Exercise:
Every line of the entries below that carries the string "Photo" should be copied.

[Source data]
------------------------------
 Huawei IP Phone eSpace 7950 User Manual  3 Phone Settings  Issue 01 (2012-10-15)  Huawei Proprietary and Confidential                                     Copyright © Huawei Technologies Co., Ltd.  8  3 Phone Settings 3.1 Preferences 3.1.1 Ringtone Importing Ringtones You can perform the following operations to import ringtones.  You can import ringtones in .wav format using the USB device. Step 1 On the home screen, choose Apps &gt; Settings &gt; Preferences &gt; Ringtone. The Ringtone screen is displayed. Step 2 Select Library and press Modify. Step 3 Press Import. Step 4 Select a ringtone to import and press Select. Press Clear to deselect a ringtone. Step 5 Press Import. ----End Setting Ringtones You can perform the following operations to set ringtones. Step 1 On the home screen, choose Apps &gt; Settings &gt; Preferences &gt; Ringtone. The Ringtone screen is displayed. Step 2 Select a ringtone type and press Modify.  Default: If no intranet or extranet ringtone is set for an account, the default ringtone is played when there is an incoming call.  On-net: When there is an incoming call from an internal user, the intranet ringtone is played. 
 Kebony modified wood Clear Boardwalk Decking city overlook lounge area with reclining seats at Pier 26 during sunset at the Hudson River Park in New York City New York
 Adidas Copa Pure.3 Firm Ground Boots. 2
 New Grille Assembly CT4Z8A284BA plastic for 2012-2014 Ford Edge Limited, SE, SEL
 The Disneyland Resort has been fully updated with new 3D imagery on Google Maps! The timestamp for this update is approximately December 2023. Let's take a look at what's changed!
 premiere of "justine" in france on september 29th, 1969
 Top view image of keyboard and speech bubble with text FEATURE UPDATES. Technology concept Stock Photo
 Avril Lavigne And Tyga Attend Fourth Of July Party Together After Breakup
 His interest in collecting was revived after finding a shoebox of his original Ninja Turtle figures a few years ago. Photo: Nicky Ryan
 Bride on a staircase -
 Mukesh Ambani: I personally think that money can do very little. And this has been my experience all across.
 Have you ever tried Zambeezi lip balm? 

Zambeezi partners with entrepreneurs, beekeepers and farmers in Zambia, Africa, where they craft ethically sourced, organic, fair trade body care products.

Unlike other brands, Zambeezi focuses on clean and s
------------------------------
Task answer:
 Top view image of keyboard and speech bubble with text FEATURE UPDATES. Technology concept Stock Photo
 His interest in collecting was revived after finding a shoebox of his original Ninja Turtle figures a few years ago. Photo: Nicky Ryan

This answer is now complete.